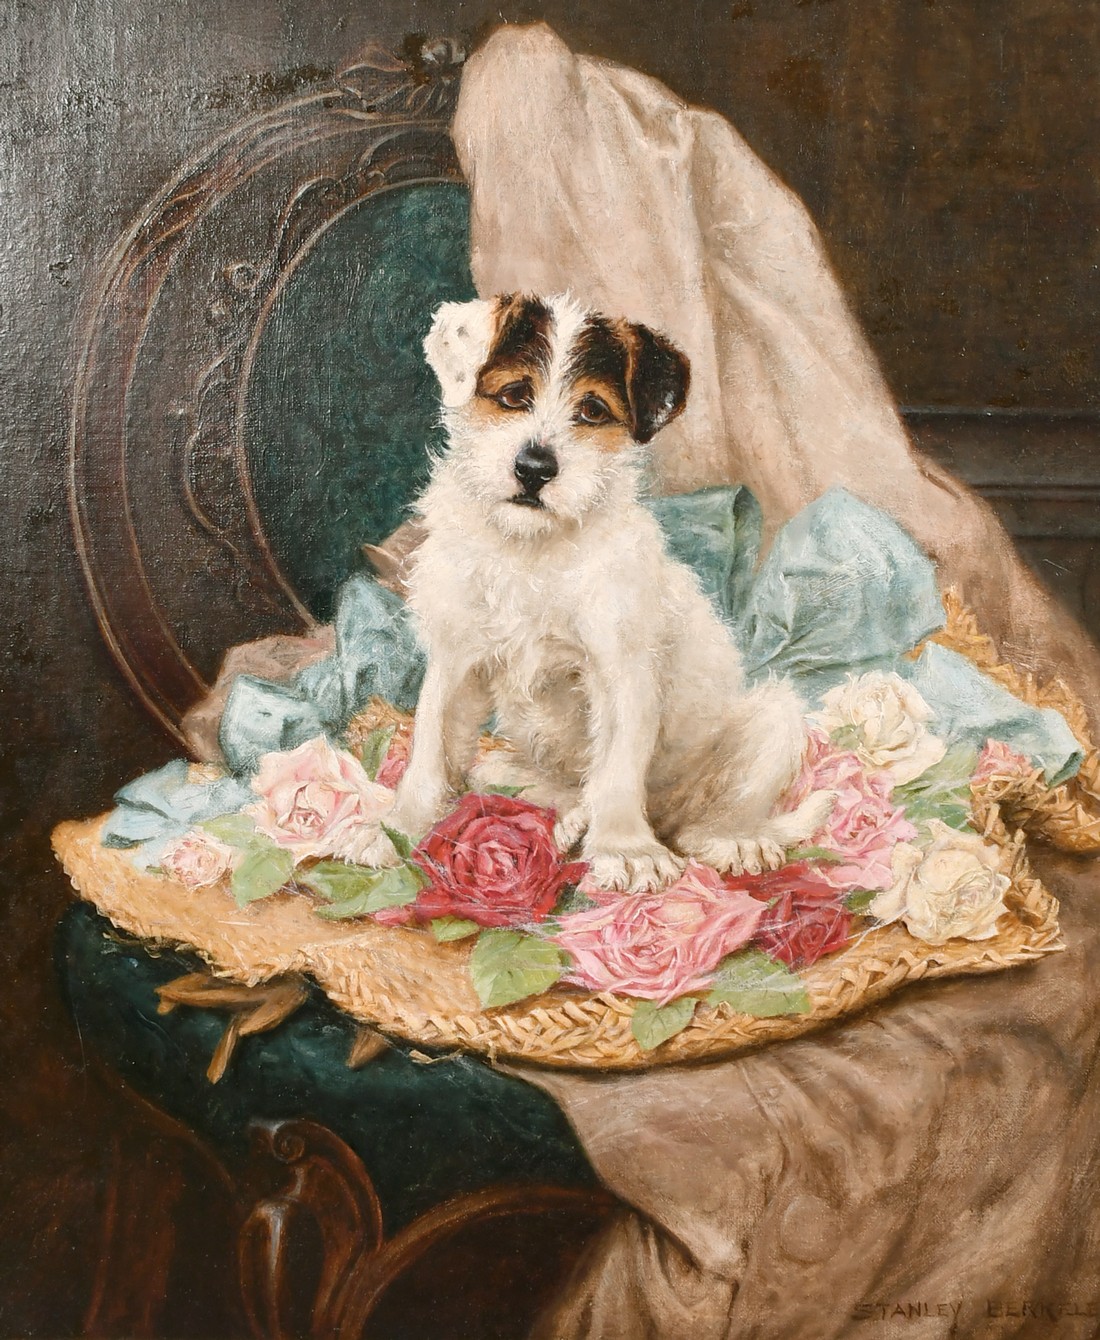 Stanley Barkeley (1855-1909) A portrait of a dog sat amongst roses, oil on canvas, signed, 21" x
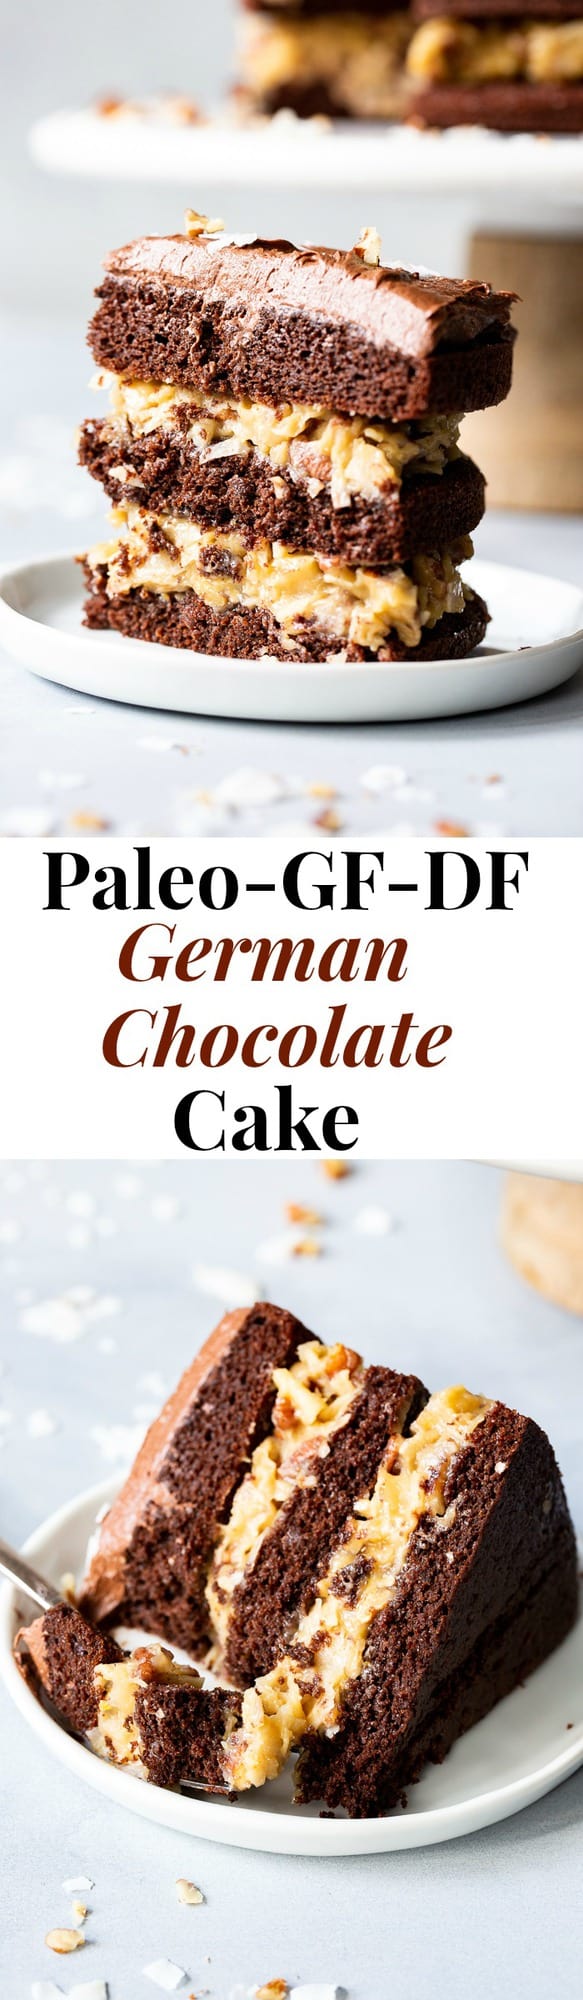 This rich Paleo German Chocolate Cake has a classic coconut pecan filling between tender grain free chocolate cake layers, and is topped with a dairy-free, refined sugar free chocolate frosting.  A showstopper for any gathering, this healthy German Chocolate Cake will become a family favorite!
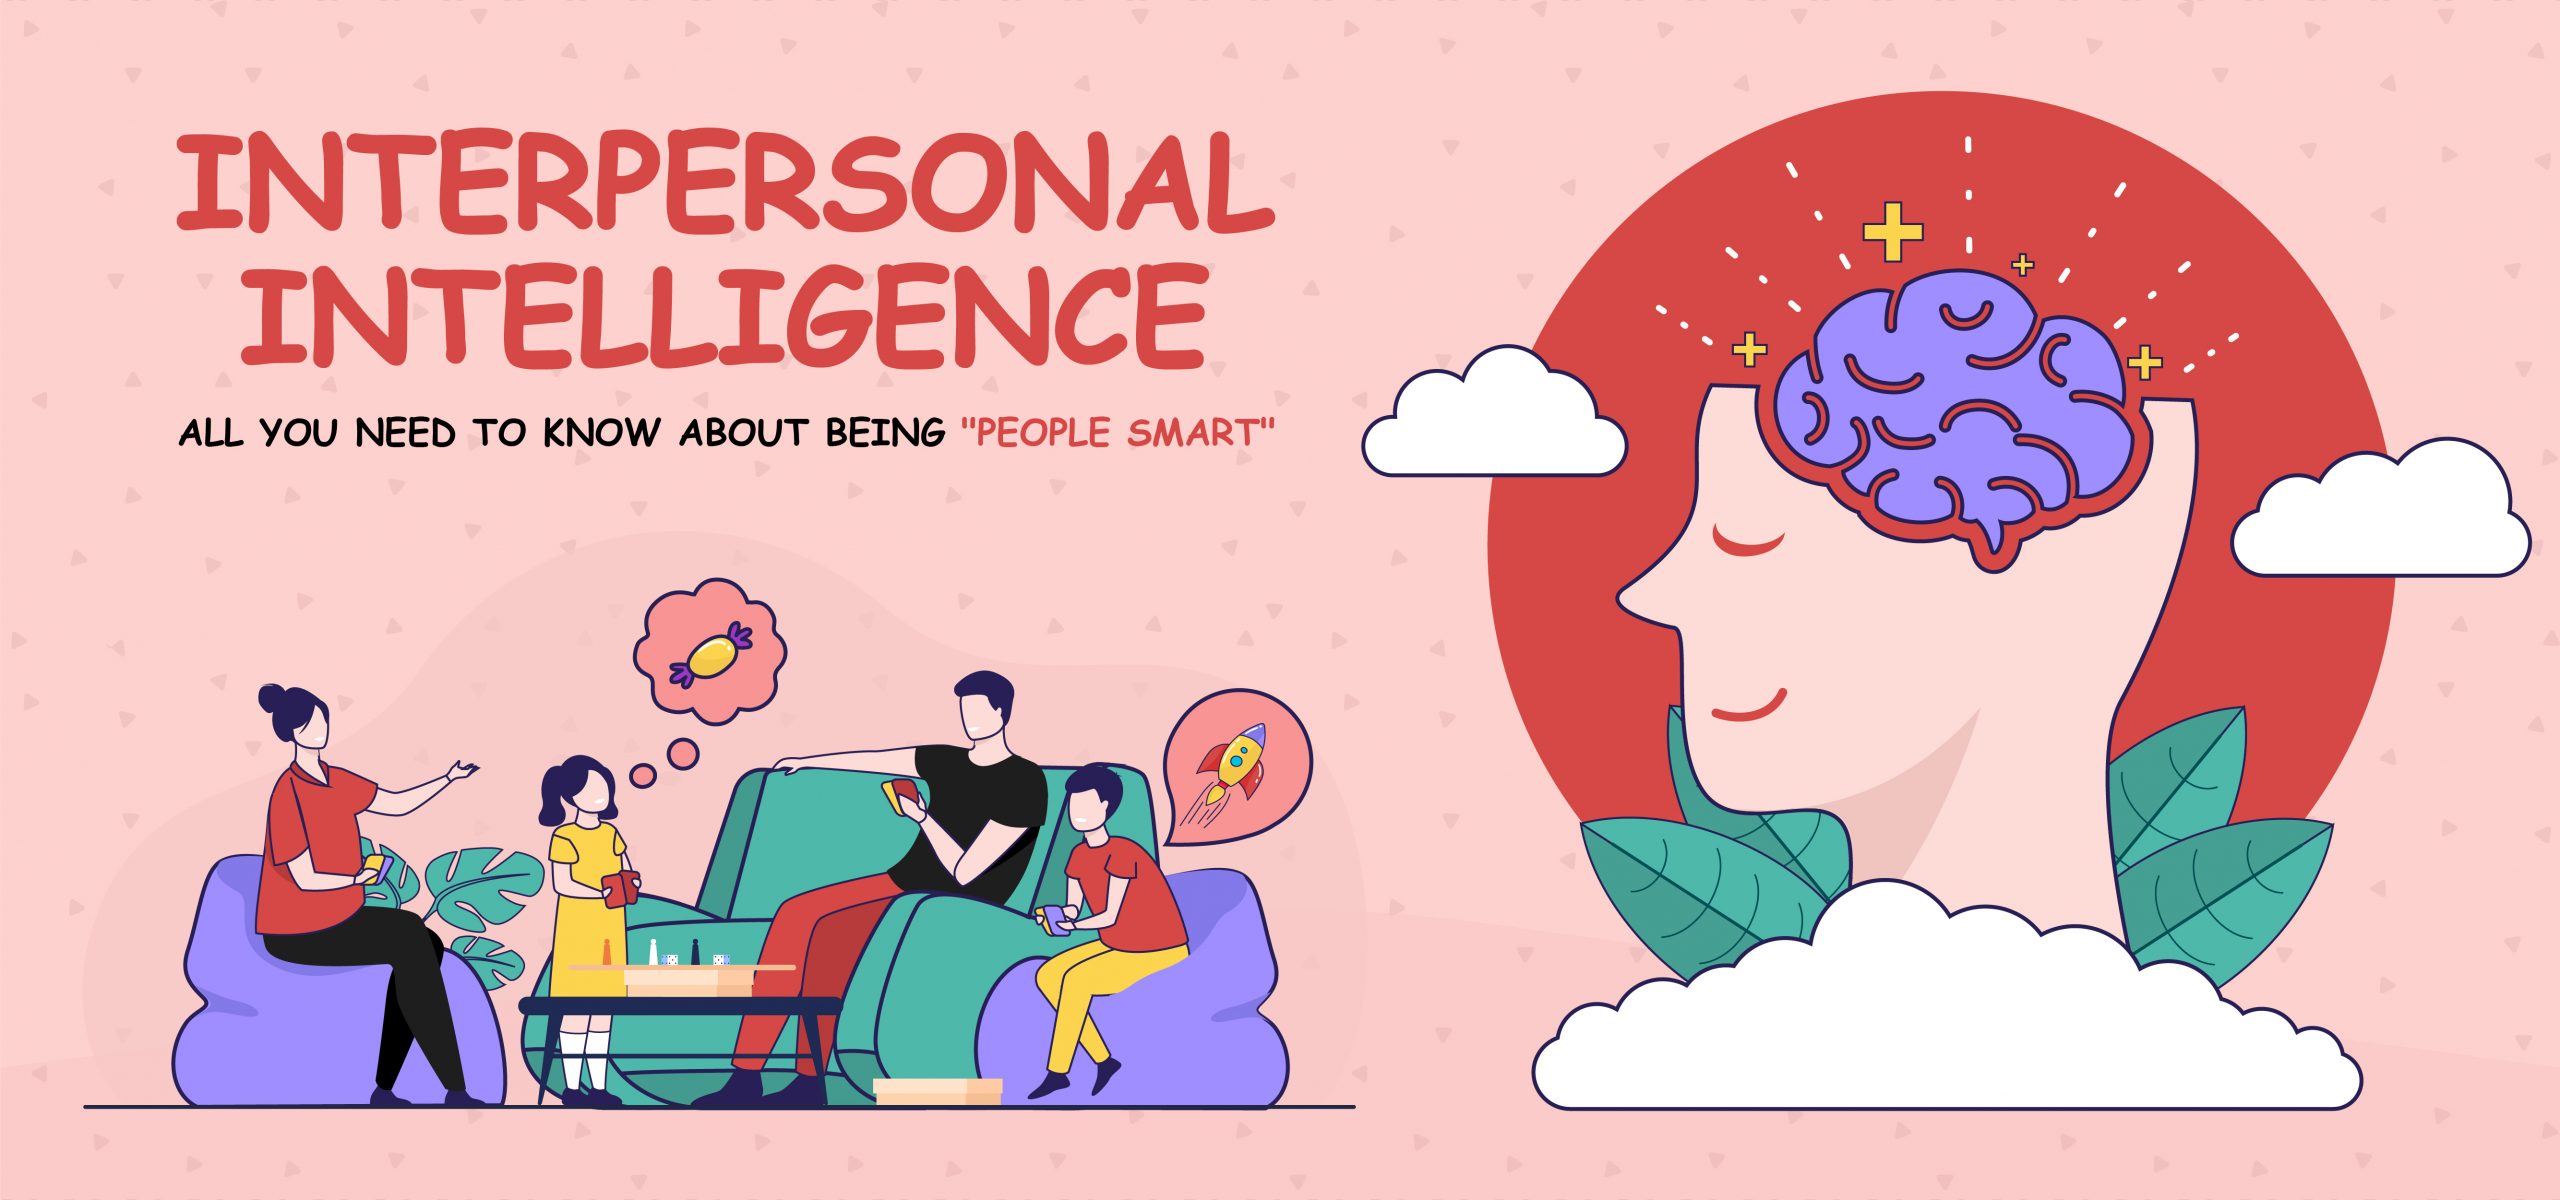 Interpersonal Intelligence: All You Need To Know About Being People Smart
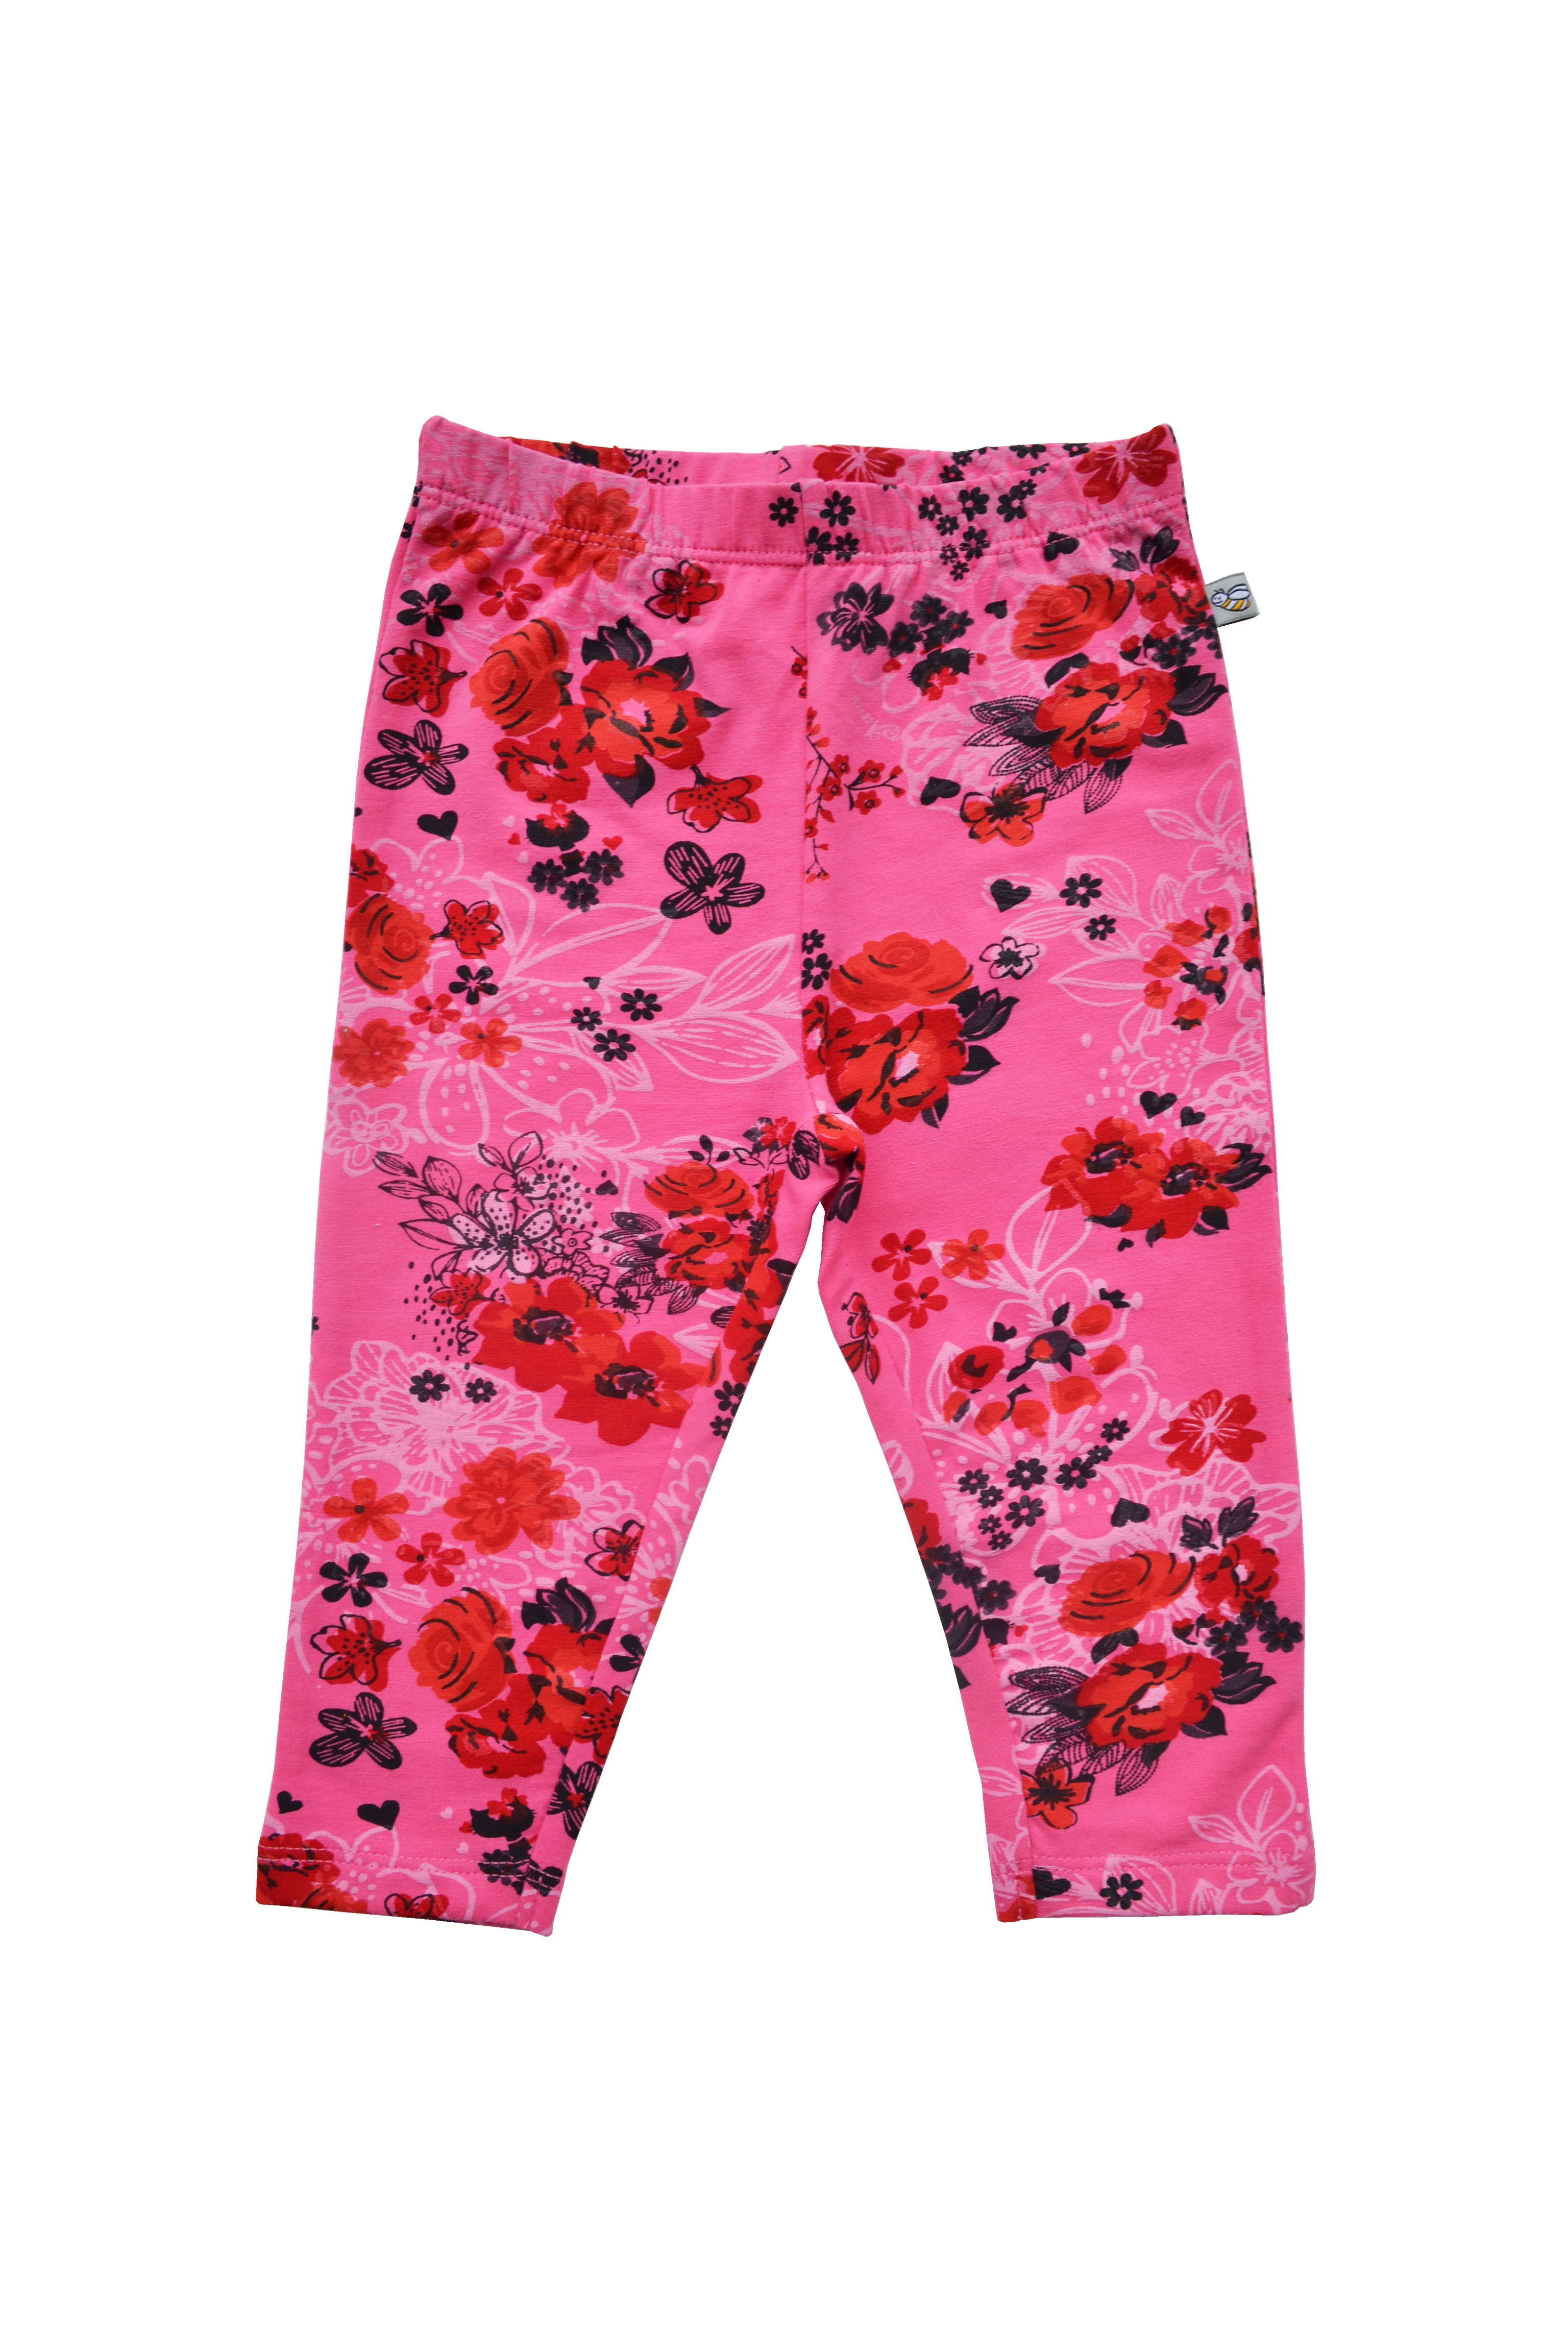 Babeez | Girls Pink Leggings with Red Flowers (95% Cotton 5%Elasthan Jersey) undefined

* _About this task_
Pictures excluded, copy exactly the lines running from the one with "Interpersonal Intelligence: All" through the last line of the material.

* _Response below_
 Interpersonal Intelligence: All You Need To Know About Being People Smart
 Babeez | Girls Pink Leggings with Red Flowers (95% Cotton 5%Elasthan Jersey) undefined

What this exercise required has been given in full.